# 2011 Home Haunters Video Awards Announced



## DavisGraveyard (Feb 3, 2008)

The video announcement was put together by the East Coast Haunt Club.






You can view the list of winners here.

http://www.hauntersvideoawards.com/winners.php


----------



## Eric Striffler (May 6, 2006)

Aw man! I'm so proud of the videos I produce for my haunt every year, I wish I could have submitted or something. Hopefully next year submissions will be announced here on HF?

Nonetheless, great idea!


----------



## Hauntiholik (May 17, 2006)

Eric Striffler said:


> Aw man! I'm so proud of the videos I produce for my haunt every year, I wish I could have submitted or something. Hopefully next year submissions will be announced here on HF?
> 
> Nonetheless, great idea!


It was announced but the post included solicitations for a DVD set that is not endorsed by hauntforum so it was deleted.


----------



## Eric Striffler (May 6, 2006)

Hauntiholik said:


> It was announced but the post included solicitations for a DVD set that is not endorsed by hauntforum so it was deleted.
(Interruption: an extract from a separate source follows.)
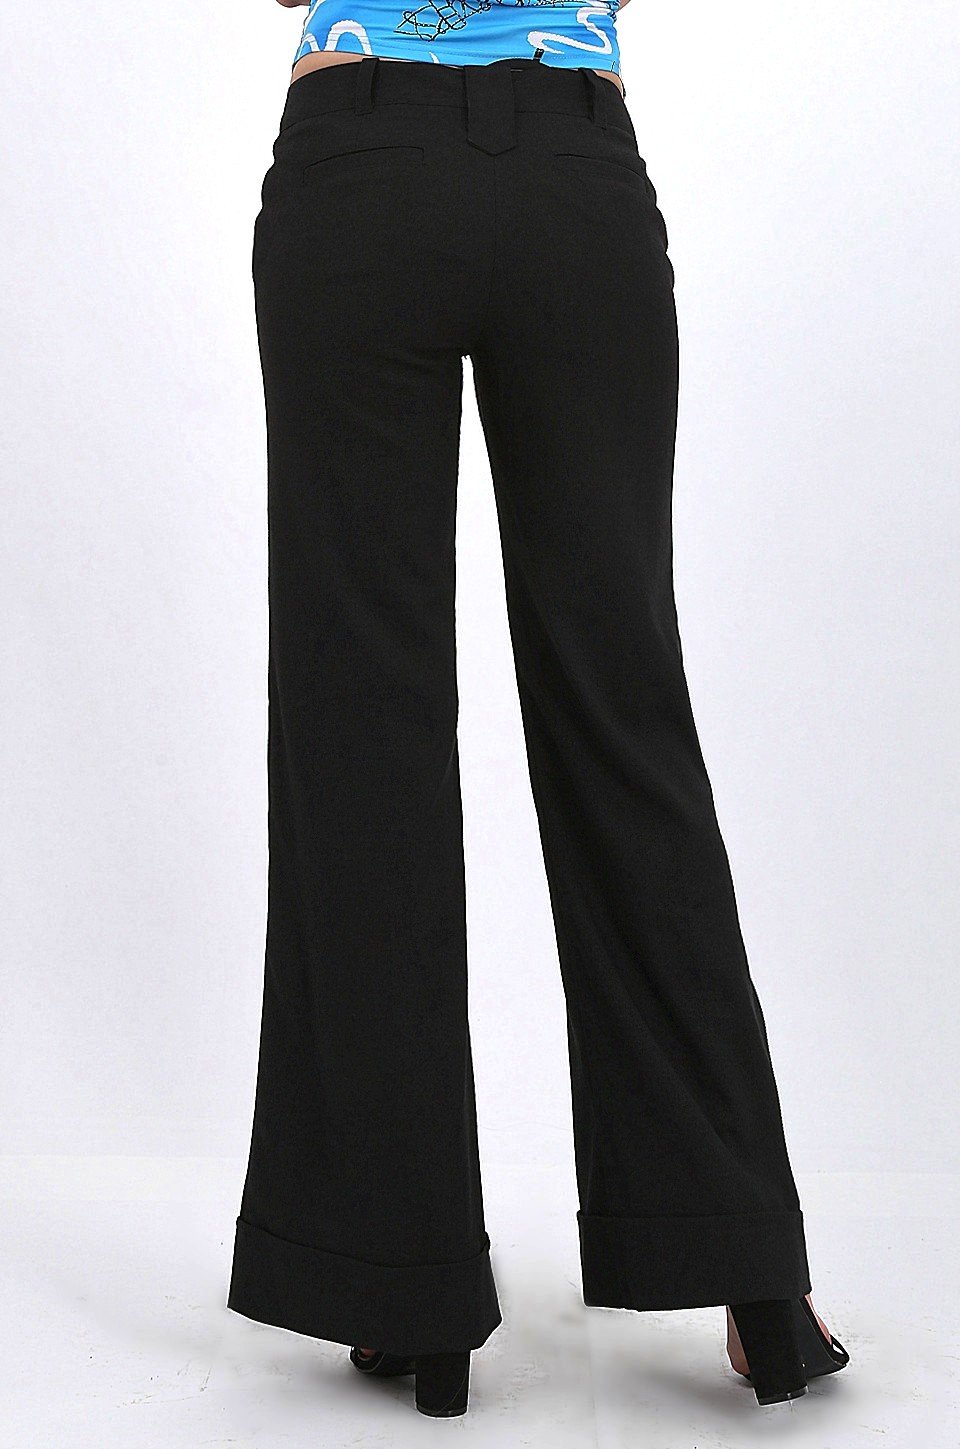 MISS PINKI Millie tailored cuffed work pants in Black

Ah I understand, makes sense. Thanks!


----------



## remylass (Sep 18, 2008)

Eric Striffler said:


> Aw man! I'm so proud of the videos I produce for my haunt every year, I wish I could have submitted or something. Hopefully next year submissions will be announced here on HF?
> 
> Nonetheless, great idea!


They send me an email reminding me. Even after the email, I didn't get mine done in time, though. You might be able to sign up for email reminders.


----------



## Haunted Bayou (Feb 16, 2007)

I see SpiderRider won first place. Awesome.

Such a great display.


----------



## Spider Rider (Nov 8, 2006)

Thanks Haunted Bayou. The ironic thing is I sent my video in at the suggestion of my neighbor ShellHawk of Hauntcast fame, not knowing it was a contest until later.


----------